As a parent, there are a few things to do if you notice early signs of intellectual disability in your child. These can actually help to determine how your child’s quality of life can be in the long run if you are vigilant about their care and support:
- Talk to your child’s doctor or pediatrician. They can help you determine if your child has an intellectual disability and refer you to resources and specialists if needed.
- Your doctor may recommend physical therapy, language and speech therapy and occupational therapy to help develop the skills needed for a normal life later on.
- Contact your local school district or early intervention program. They can provide information about services and supports that may be available to your child.
- You can contact a local or national organization that provides support and resources for families of children with intellectual disabilities. These organizations can help you connect with other families in similar situations and get the information and support you need.
- Organizational, as well as individual support, is crucial for a child with a diagnosed intellectual disability. It is one of the first steps for them to be part of society and lead normal lives as they are growing up.

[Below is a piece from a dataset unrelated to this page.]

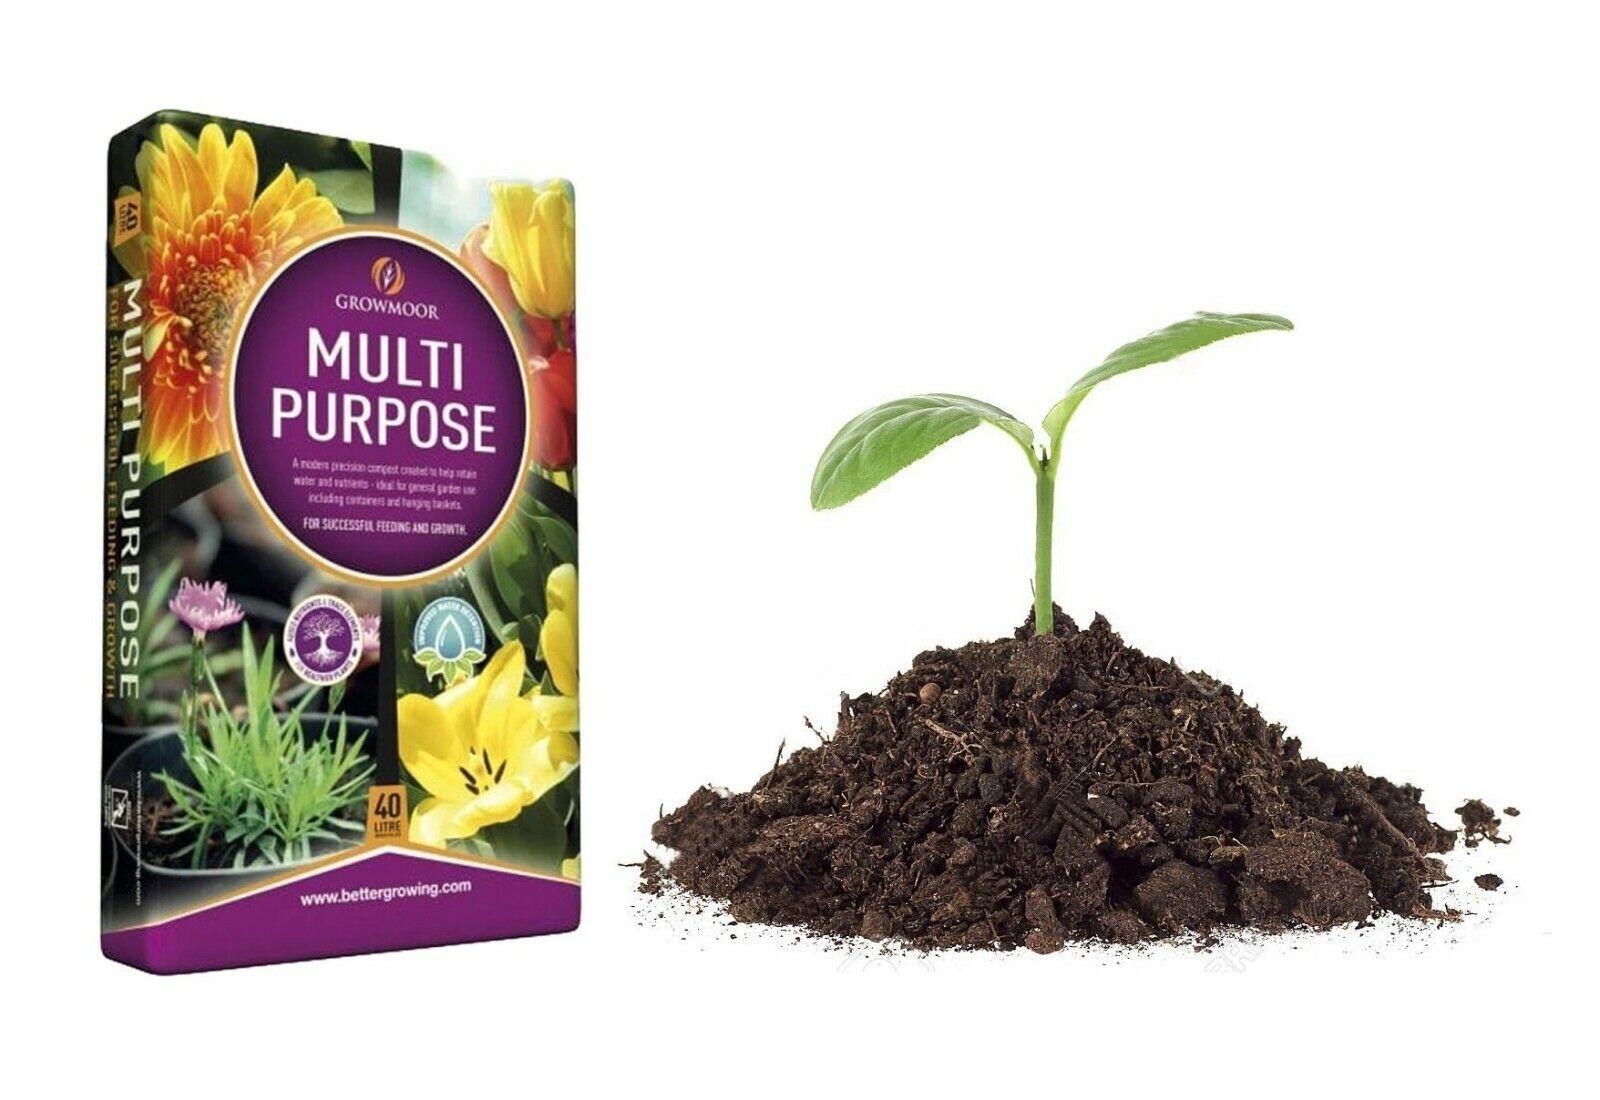 40L Growmoor Multi Purpose Plant Care Compost Soil Basket Garden Flower Pot Loam
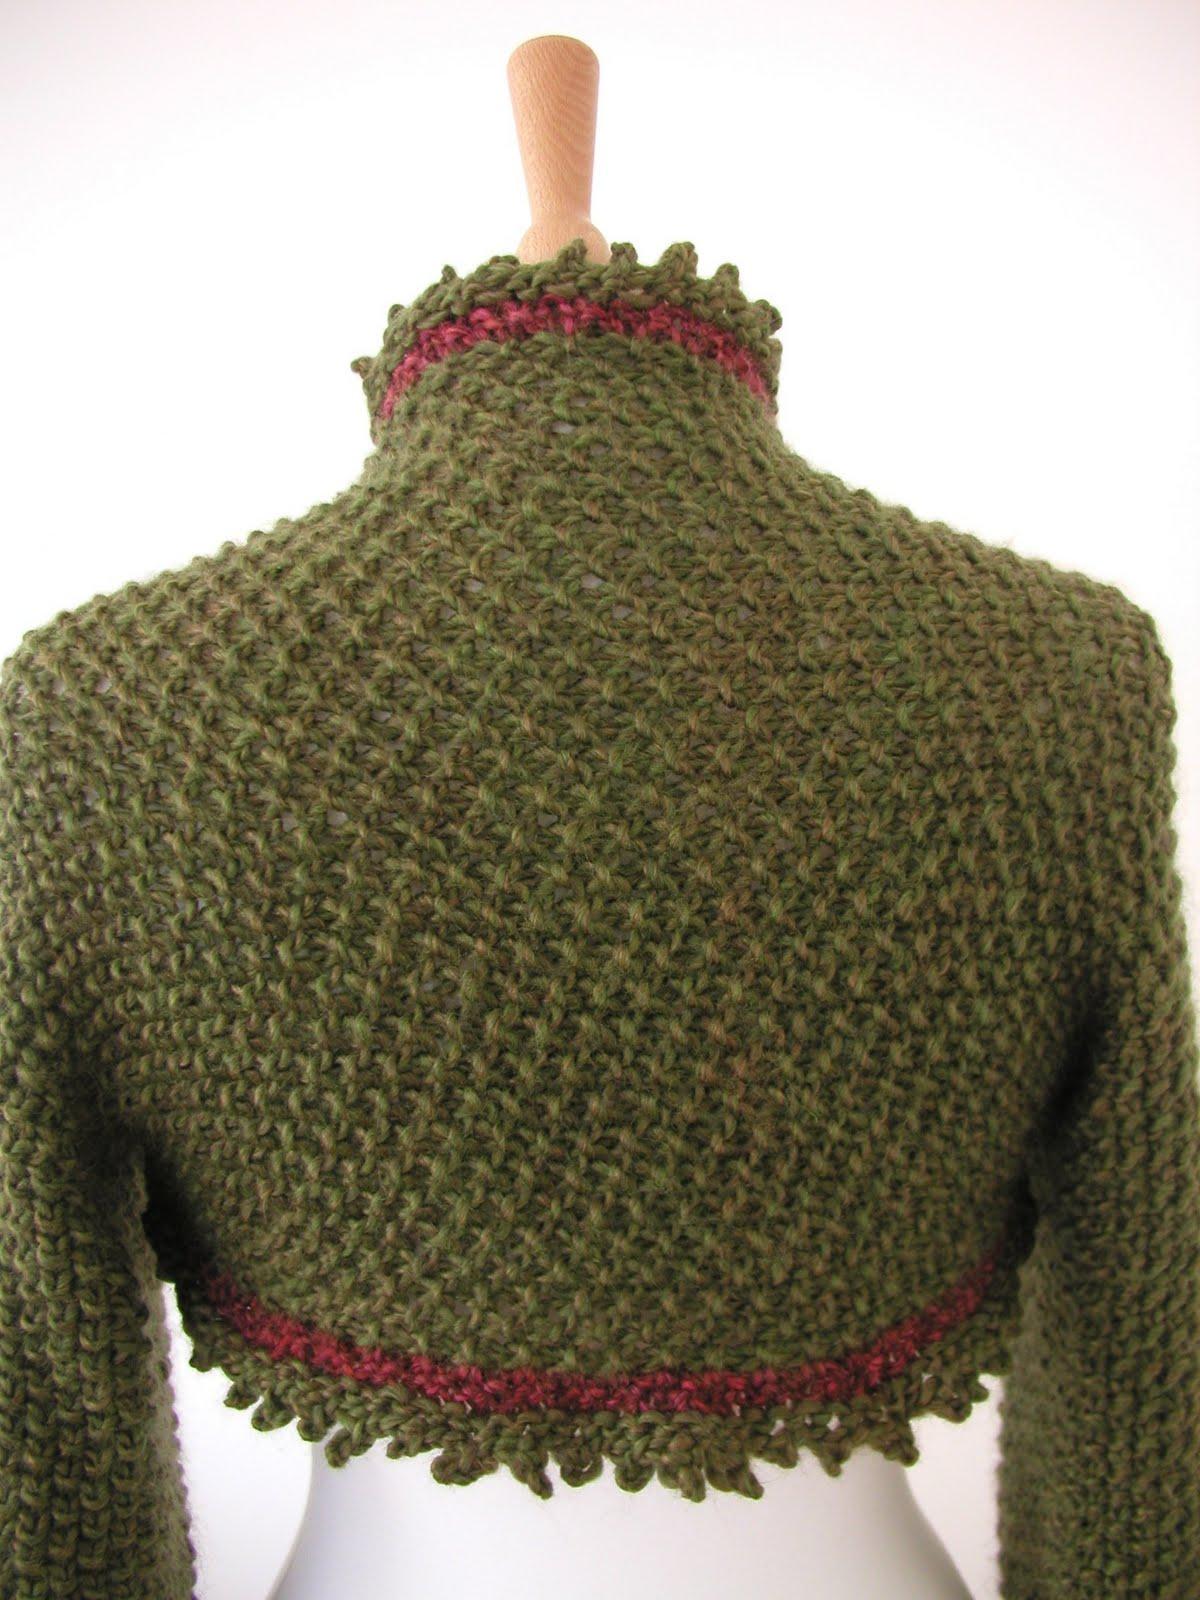 Holly Berry Shrug Knitting Pattern

- Once they step into education, the social interaction phase begins and with early support, it is possible that they will be able to function like any other children with whom they will be interacting.
Frequently Asked Questions
What type of disability is Down syndrome considered?
Down syndrome is a chromosomal disorder. It is considered in the category of developmental and intellectual disability.
Does everyone with Down syndrome have an intellectual disability?
No, not everyone with Down syndrome has a cognitive impairment. In fact, many people with Down syndrome have above-average intelligence.
However, intellectual disability is more common in people with Down syndrome than in the general population. It is estimated that about 50% of people with Down syndrome have an intellectual disability.
What are examples of intellectual disabilities?
Autism Spectrum disorder, Cerebral palsy, ADHD, Developmental Hearing Loss, and Fetal Alcohol Spectrum Disorder are some of the common examples of intellectual disabilities.
How does Down syndrome affect you intellectually?
Down syndrome can cause a range of developmental delays, from mild to severe. Many people with Down syndrome have an IQ in the mildly-to-moderately delayed range, which means they may have some trouble learning new things and retaining information.
Parents and caregivers have to remember that the conversation about intellectual disabilities can be the best way to give their children the support that they need.
It is important to remember that even if there is no known cure for the disorders discussed in this article, it is always possible to improve their quality of life by extending the right care and support from an early stage of life.
Thank you for reading this piece and join the conversation on intellectual disabilities to give everyone a chance at a good and happy life!